What is an HRA?

HRA is a Health Reimbursement Arrangement, a tax-free fund solely funded by the employer to cover employees’ medical expenses. HRAs may be offered along with other employer-provided benefits such as the FSAs or High Deductible Health Plans.

Employers decide how much they can contribute and if and how much the unused amount can be carried forward to the next year. The employer’s contribution amount is not subject to any IRS regulation.

However, Small Business HRAs cap annual employer contributions at $4,950 for an Individual (Single) and $10,000 for a Family. A qualified Small Business HRA is offered by employers that have fewer than 50 full-time employees and do not offer group health plans to any of their employees.

Distributions from HRA are made to reimburse qualified medical expenses incurred by the employee upon submission of appropriate receipts. Qualified expenses may include health insurance premiums, out-pocket expenses of a health plan, long-term care coverage expenses, etc. Distributions made as cash would be treated as employees’ income.

HRAs allow reimbursements to current and former employees, their spouses and dependents, and spouses and dependents of deceased employees.

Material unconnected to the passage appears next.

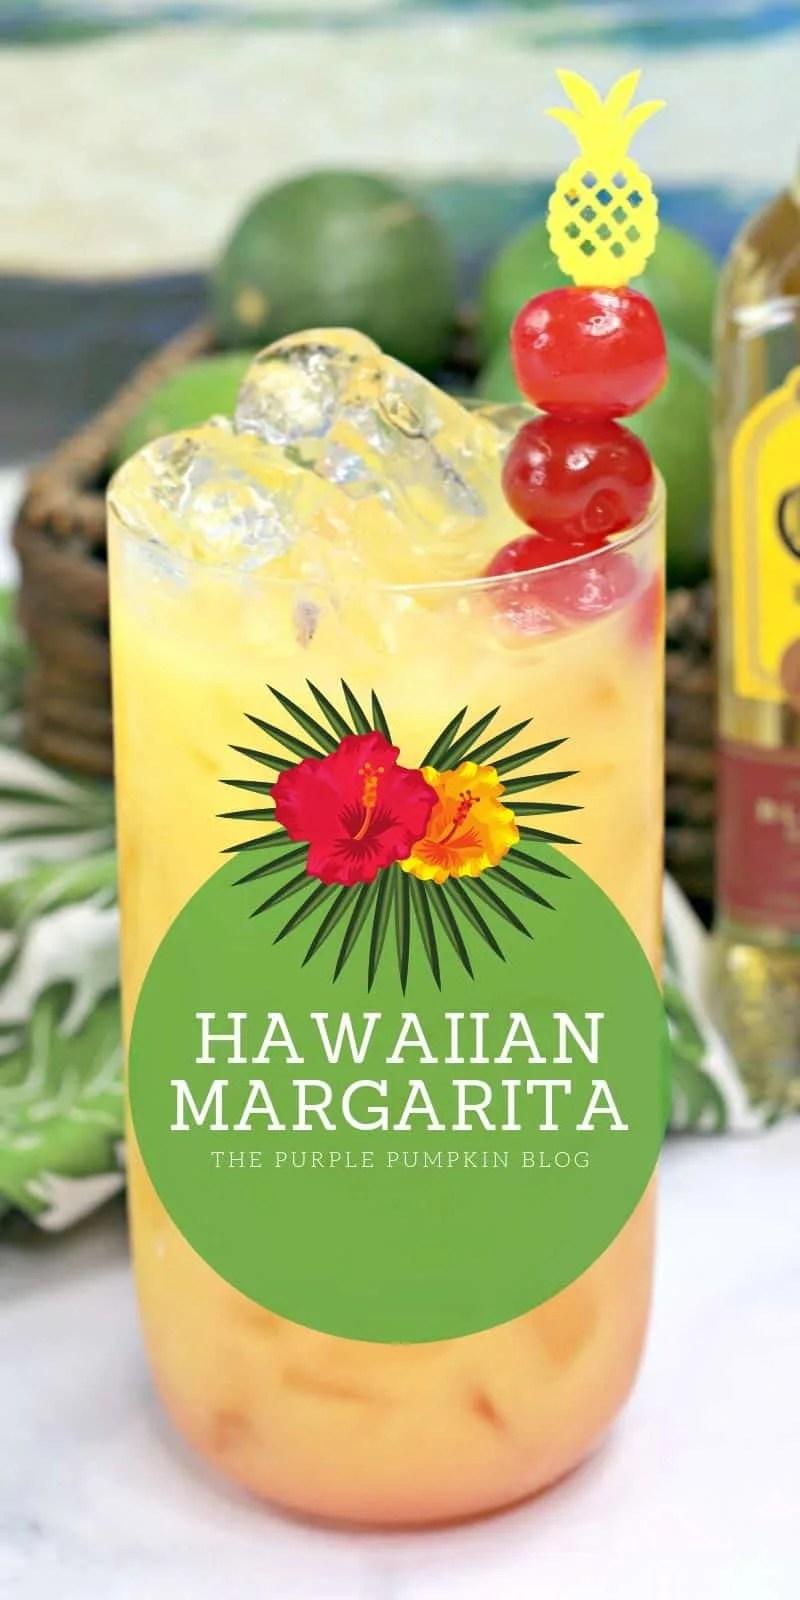 Glass of Hawaiian Margarita

How does it benefit the employer?

HRAs provide more flexibility to employers both from plan design and funds usage perspectives. Because they lack portability, employers own unused funds not carried forward and unused funds of terminated employees. Particularly relevant to industries with high employee turnover.

HRAs act as a vehicle for small business employers who do not offer group health insurance to their employees, to contribute towards employees’ healthcare expenses.

HRAs ease employers’ cash flow needs as they are funded only when claims are submitted by employees after the occurrence of expenses.

Employers are not subject to Payroll taxes and Social Security taxes on the contributions they make as the contributions are not part of employees’ income.

How does it benefit the employee?

HRA contributions by employers are tax-free benefits to employees to manage their healthcare expenses, whether it is premium payments or out-of-pocket expenses.

Example Scenarios of Application

  • An employer may contribute to an HSA plan funds to promote the employees’ enrollment into a High Deductible Health Plan. By having more of the employees enroll in an HDHP, employers create a sense of shared accountability by the employees on their healthcare decisions and usage. In the long run, this can lead to cost containment due to improved or optimal utilization of care.
  • An employer may not contribute to an employee’s HSA account. However, provide an HDHP as a competing plan with a significantly reduced premium to a traditional and richer plan with embedded deductible and very low copays. The employee may prefer the HDHP option by investing into an HSA fund the differential amount that comes as a premium advantage of the HDHP plan that is eligible for HSA.